- SUPPLIED DATA
|---|

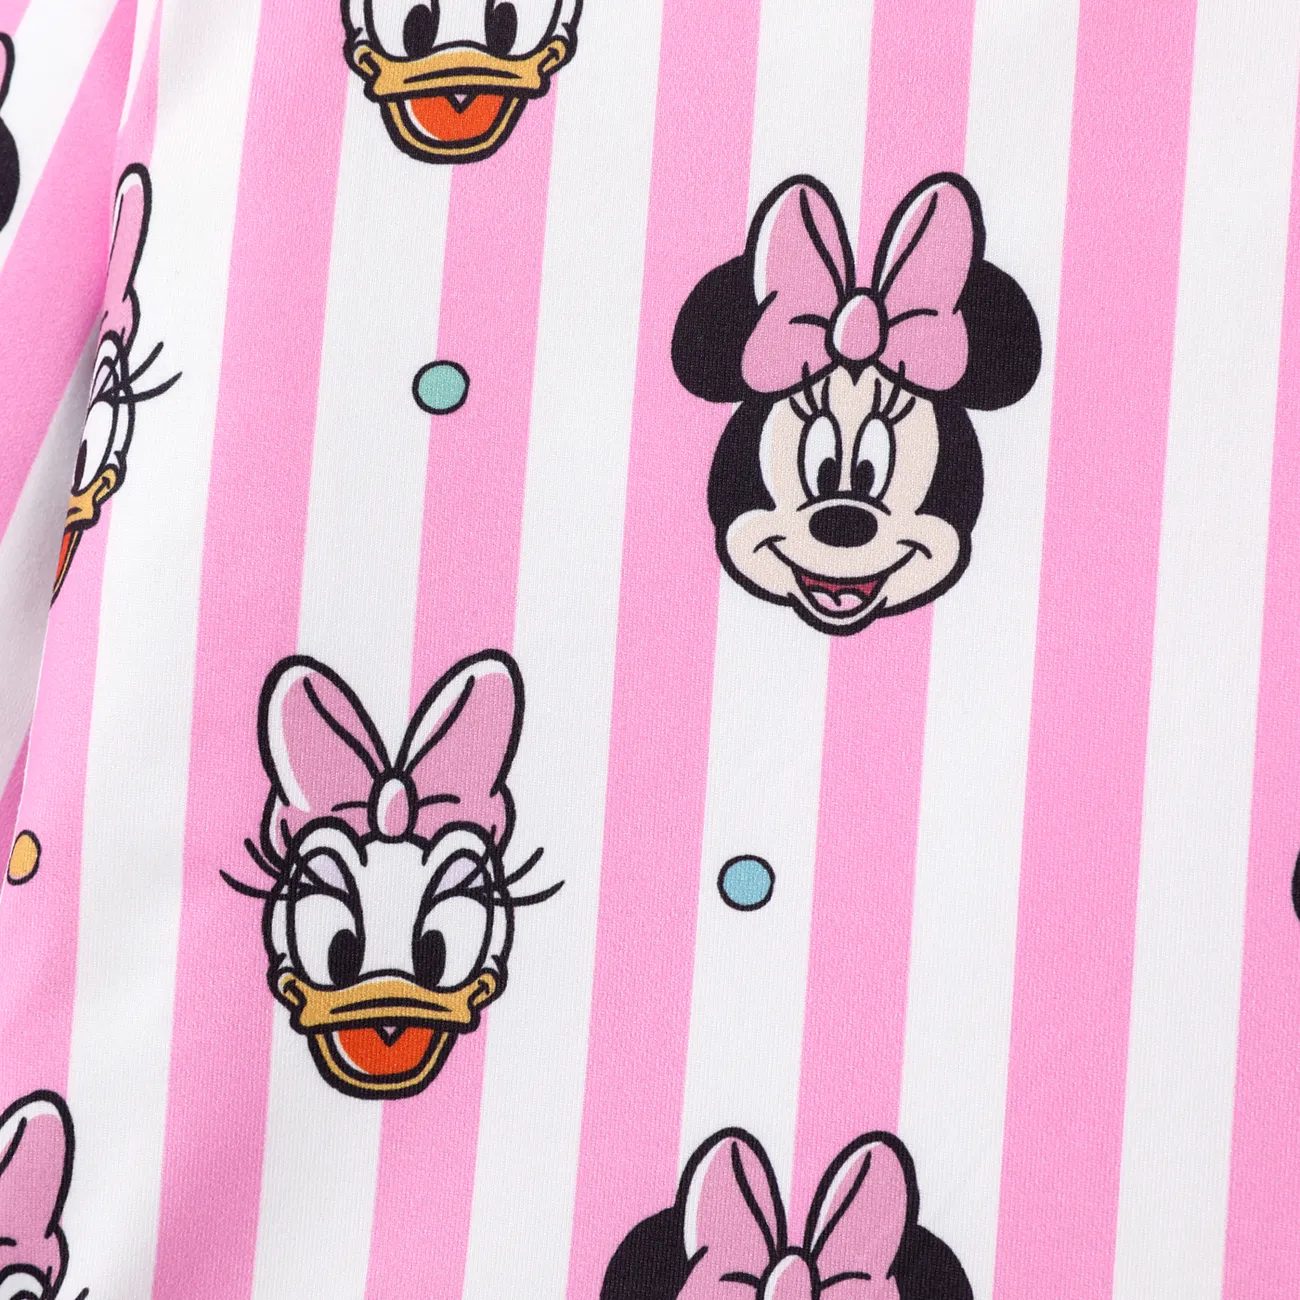 Disney Mickey and Friends Toddler Girl Polka Dot/Stripe Digital Print Dress Pink big image 1
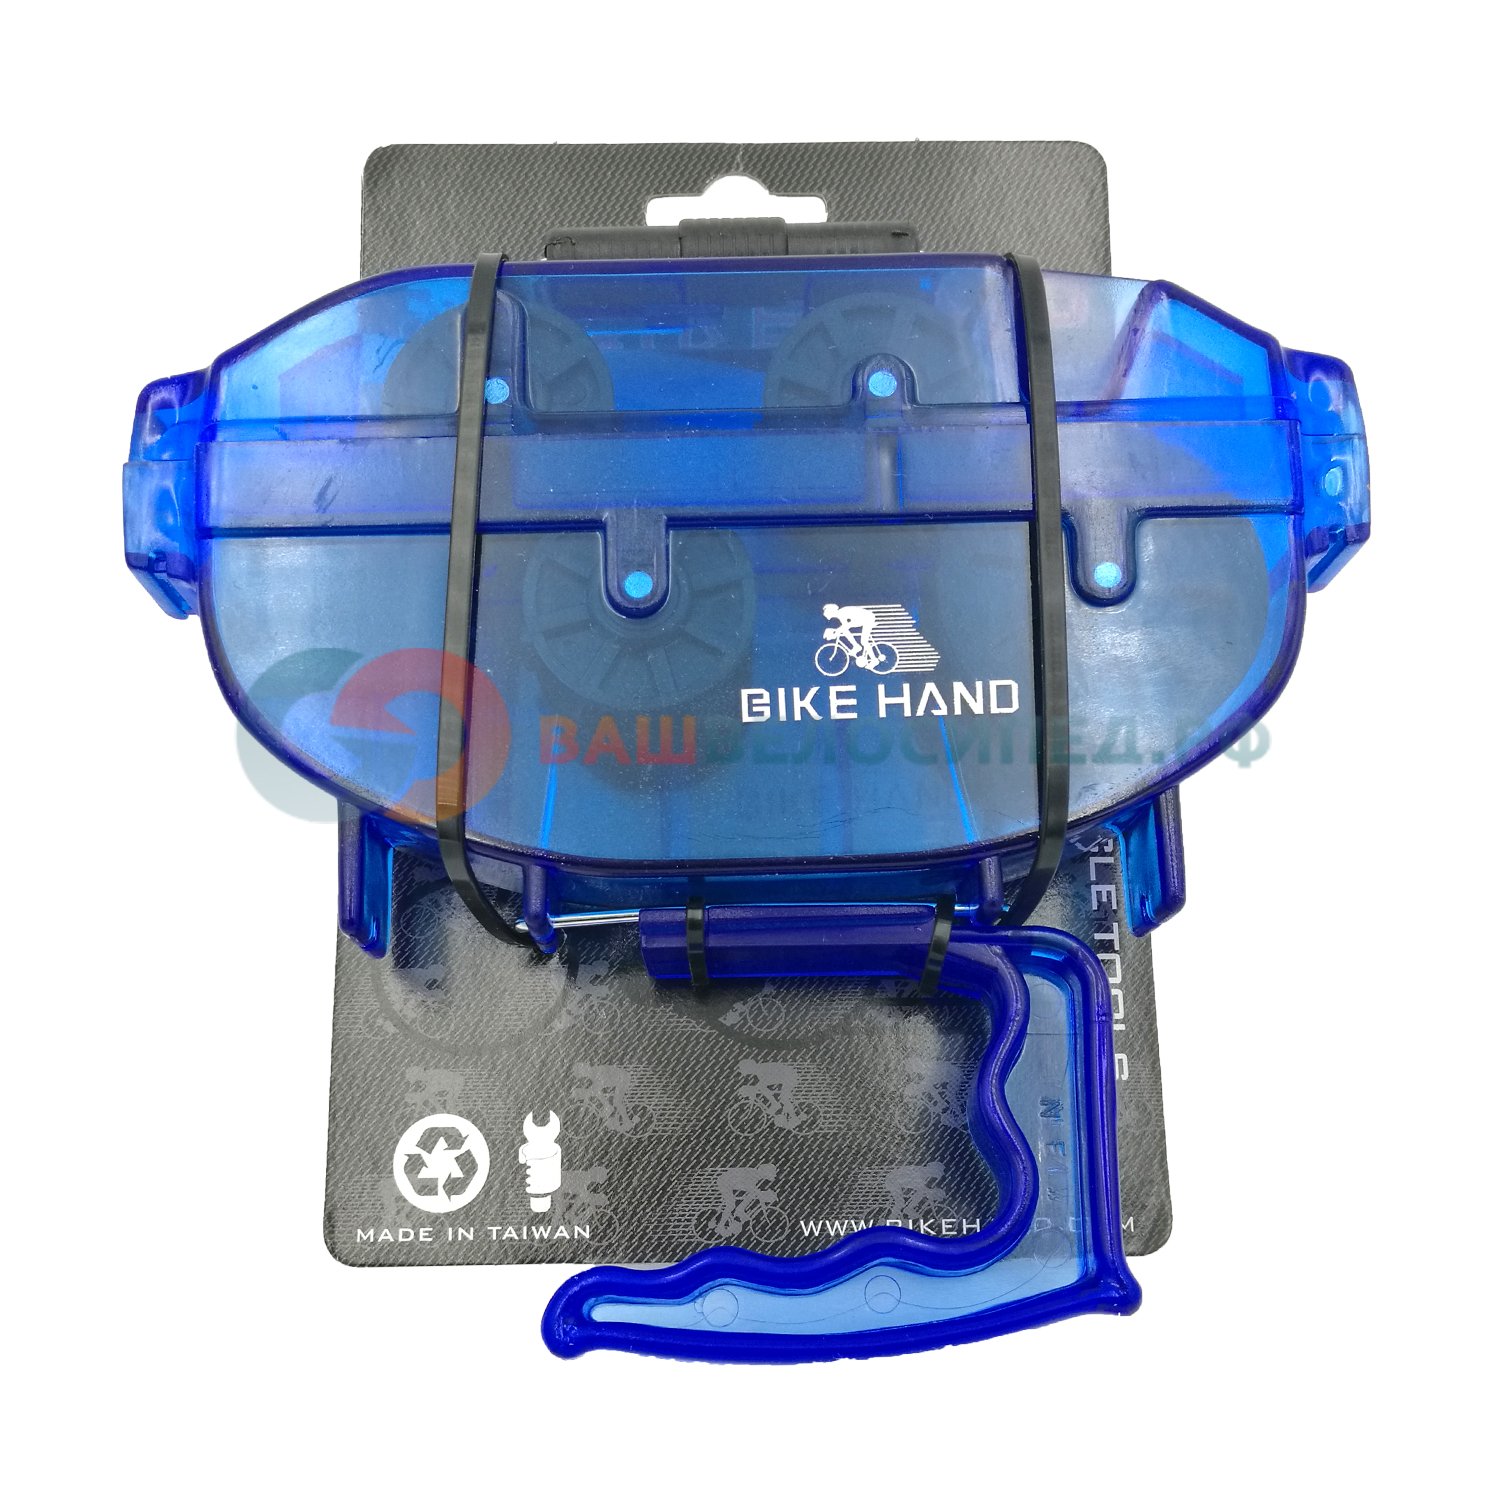 фото Машинка для чистки велосипедной цепи bikehand yc-791, в 2-х плоскостях, с рукояткой, голубая, 6-1479 bike hand
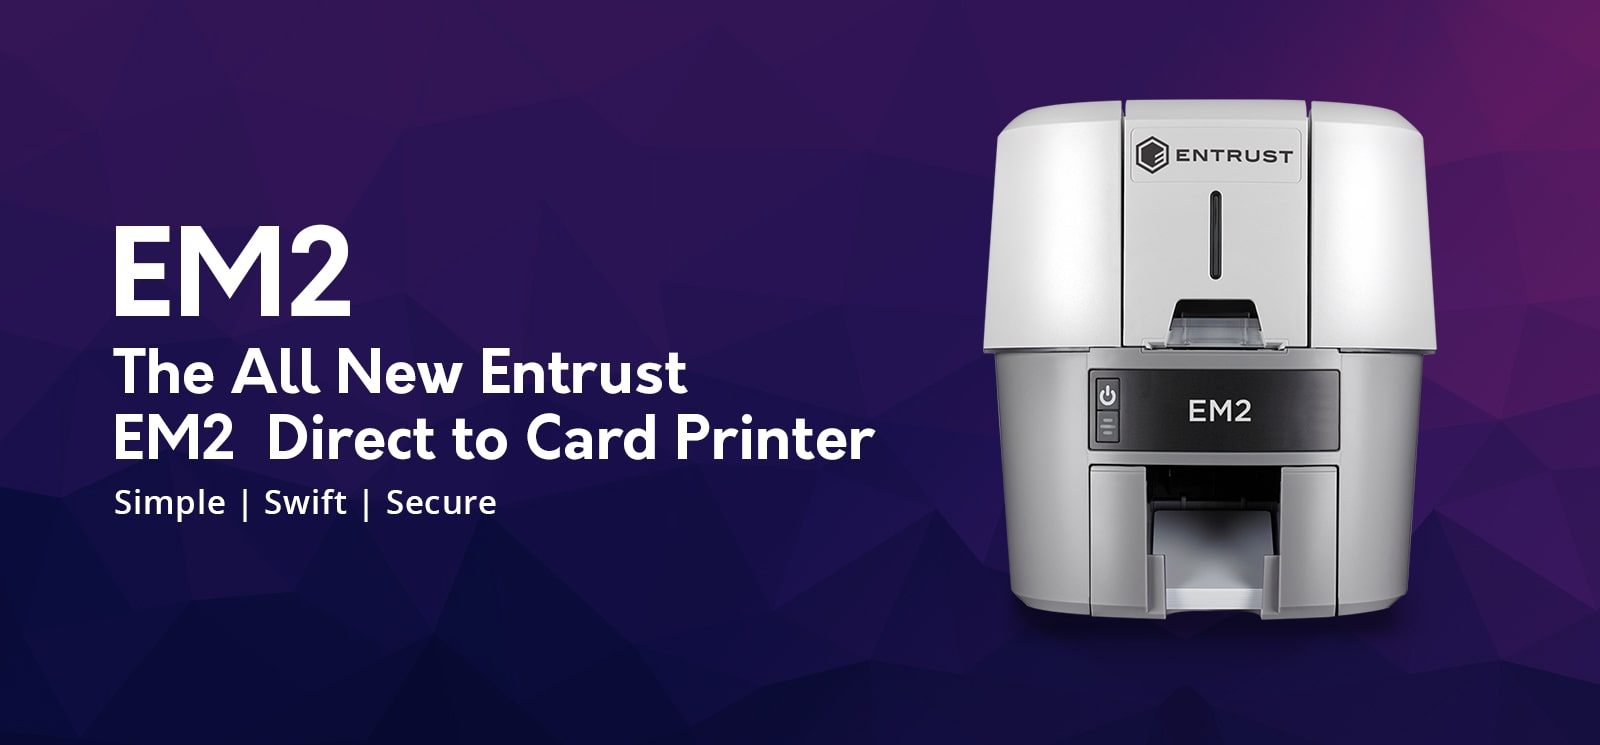 Entrust Datacard ID Card Printers in India Entrust Datacard Printers in India
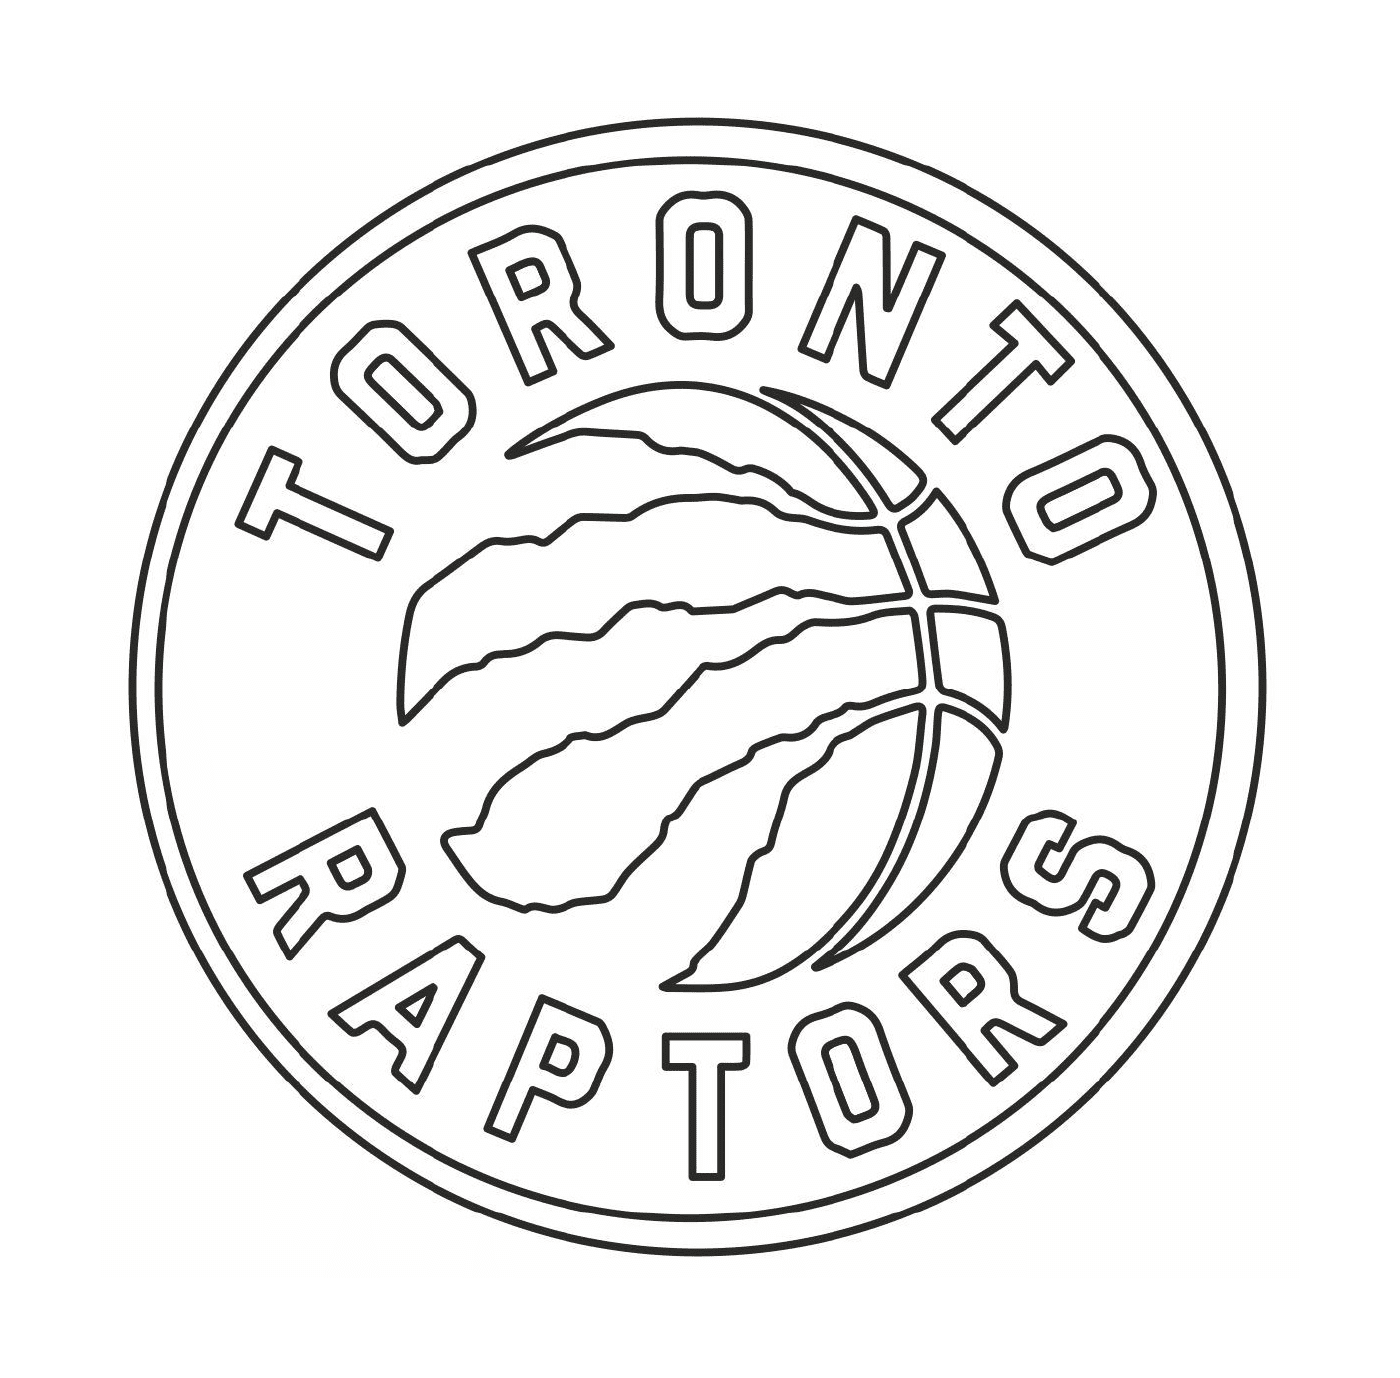  Il logo Toronto Raptors, squadra di basket

|---|

- WHAT NEEDS TO BE DONE
With the pictures omitted, write out exactly the lines from the one that contains "Entrust Datacard ID" through the final line of the material above, both ends included.

- SOLUTION FOR THIS EXERCISE
 Entrust Datacard ID Card Printers in India Entrust Datacard Printers in India
  Il logo Toronto Raptors, squadra di basket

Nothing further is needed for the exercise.